7 - Lager (combined with 8 Strong Lager):
1st - Greg Lee
2nd - Greg Lee
3rd - Anthony King

9 - Wheat:
1st - Brenton Rehn
2nd - Mark Proir
3rd - Luke Willis

10 - Fruit & Other Specialty Beer:
1st - Mark Prior
2nd - Mark Prior
3rd - Greg Lee


----------



## GMK (25/2/08)

OK - here are some Judging Pics from the day..



Stephen Nelson Judging in the Speciality Class


Stephen Nelson Judging again.


BBC Member Wayne Lunn - Novice Judge with Stephen


BBC Member Alan Bland - Novice Judge


BJCP Judge Michael Boots pouring out an Entry.


Picture of all 4.

The remaining Judges ; Rob Smith, Aaron Caruna, Luke Willis appear to be Camera Shy...


----------



## GMK (5/3/08)

Here are some pics of the prizes we have for the show.

Big thanks to Franko for designing the Tankards and Beer of Distinction Medals.


Pic of all the prizes.


2 Tankards


Close up of Franko's work - very hard to get a good photo.

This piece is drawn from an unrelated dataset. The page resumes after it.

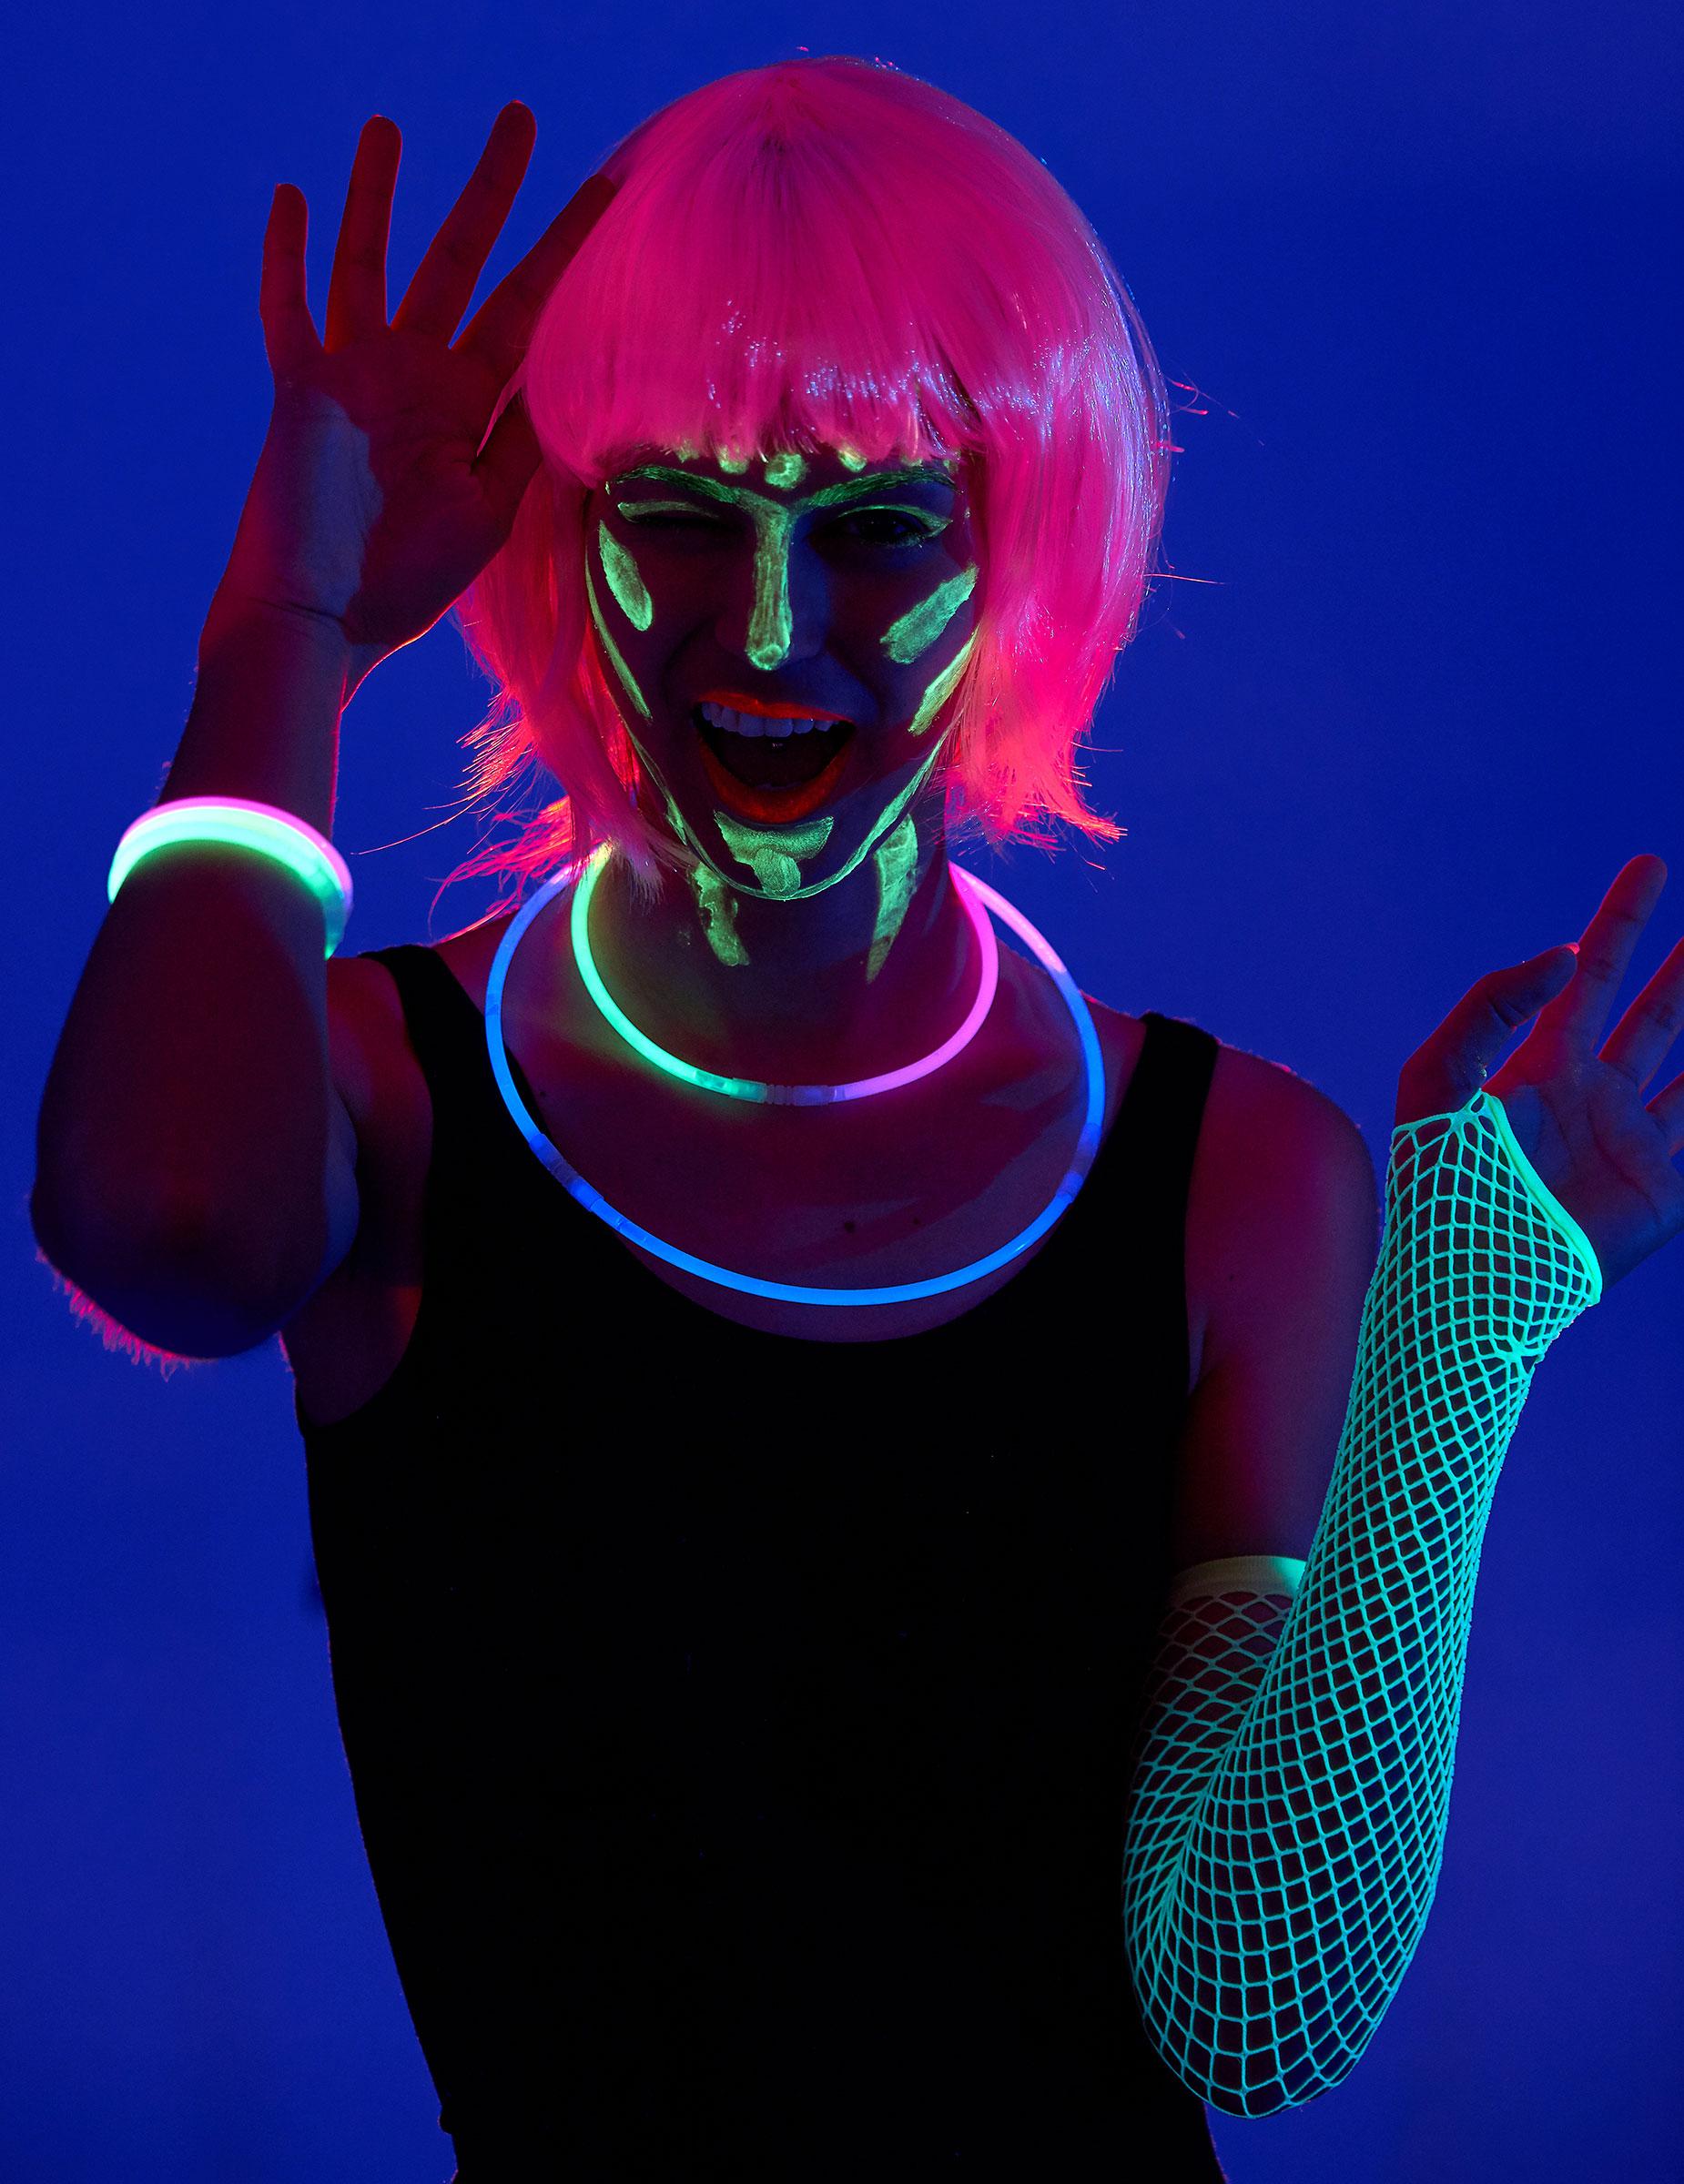 fluoreszierende schminke halloween schminke und g nstige faschingskost me vegaoo. Black Bedroom Furniture Sets. Home Design Ideas

Still to come - 6 x Beer of Distinction Medals & Barossa Valley Brewing Assistant Brewer Certificate.


----------



## Franko (5/3/08)

Oh very nice Ken, 

They have come out excellent, congratulations to those who won there category

Happy to help anytime

Franko


----------



## J.T (11/3/08)

Congrats to Ken and the team for organising the event.
It was just a pity that it was so bloody hot! That kept a few punters away i think.

But that cant be helped.

Look forward to next year!

:icon_cheers:


----------



## GMK (11/3/08)

Thanks for the feedback...

You can get involved in next years comp if you want to


----------



## Murcluf (11/3/08)

Great piccies Ken, pity I missed show day and lucky they were judged when they were, cause judging beer 40 degree heat would of sucked.
Got to agree, everyone who can should get amongst it, as it is a great comp and getting better every year.


----------